I guess maybe there is something wrong with it ~_~

----------

## phorn

First, I have never used SATA RAID before, only SCSI (but I believe they are similar)

First, what type of BIOS-level RAID is it? What brand motherboard, RAID controller, SATA controller -- you may want to reboot into Windows to find this information out, if you look at the Device Manager hard drive controller info.  Also, did you have to install a special driver in Windows to get it to see your RAID array?

Also, you said "got rid of windows and put gentoo on".  Does that mean that you already wiped the RAID drives?

I had a SCSI system with a MegaRAID controller, and I had to make sure to specifically install the related kernel module for it to correctly see the RAID drives.

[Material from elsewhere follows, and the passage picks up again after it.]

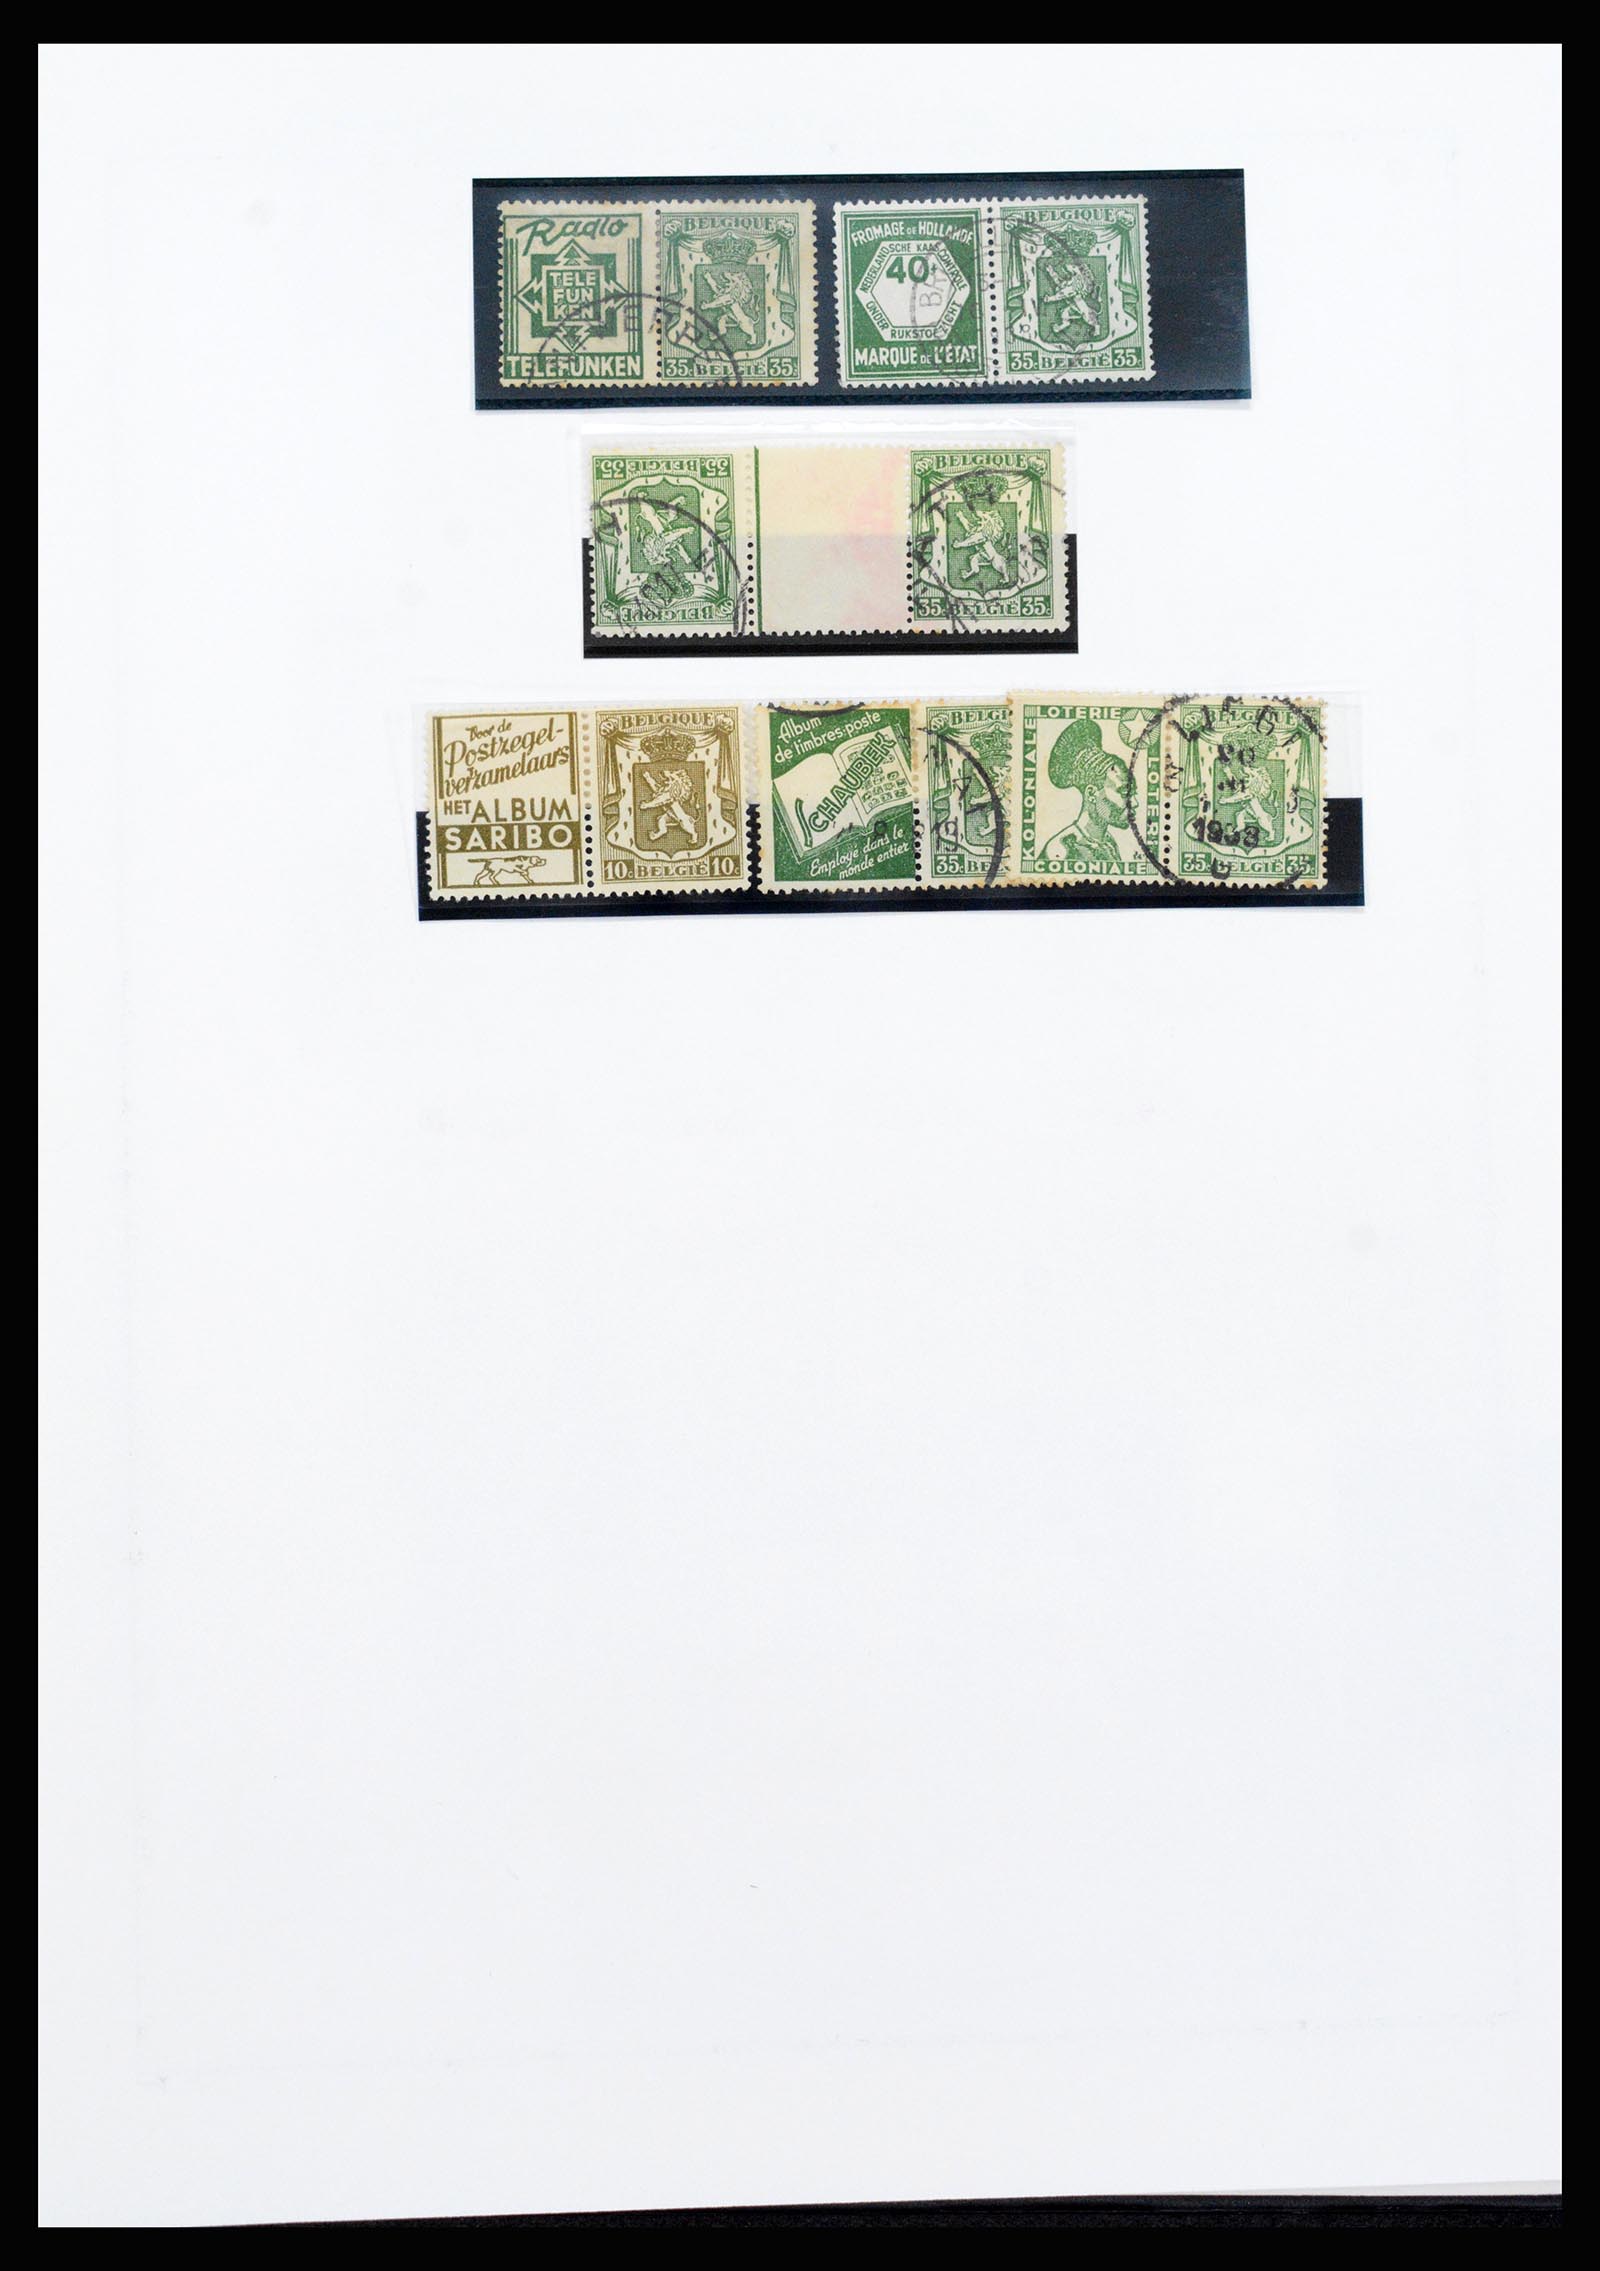 37240 024 - Stamp collection 37240 Belgium 1849-1996.

Is it possible that the RAID setup is showing up as sdc, sde, or also as hda or hdb?  With the MegaRAID setup, I sometimes saw ghost hard drives when running from a LiveCD (It probably tried using SCSI drivers as well as the RAID drivers).  To find out, look at the /proc/partitions: That will show you all hard drives and partitions that are available.

You may also want to post your "dmesg" output, and try running "cat /proc/partitions", and the output of "lspci", and possibly "lsmod" to see what drivers are loaded.

I would also avoid making any changes to the partition table as they may render the whole setup unusable -- the "ignoring extra data" earning shows that maybe the BIOS hid data about the RAID setup within the partition table, and overwriting it may lose the data.  The BIOS may just tag its partitions as LANstep (0xfe) in order to keep any modern OS from accidentially touching the RAID data.

If the setup is RAID-0, this also means that the data is probably striped across two drives, and that it is virtually impossible to get your data off without using the same RAID setup.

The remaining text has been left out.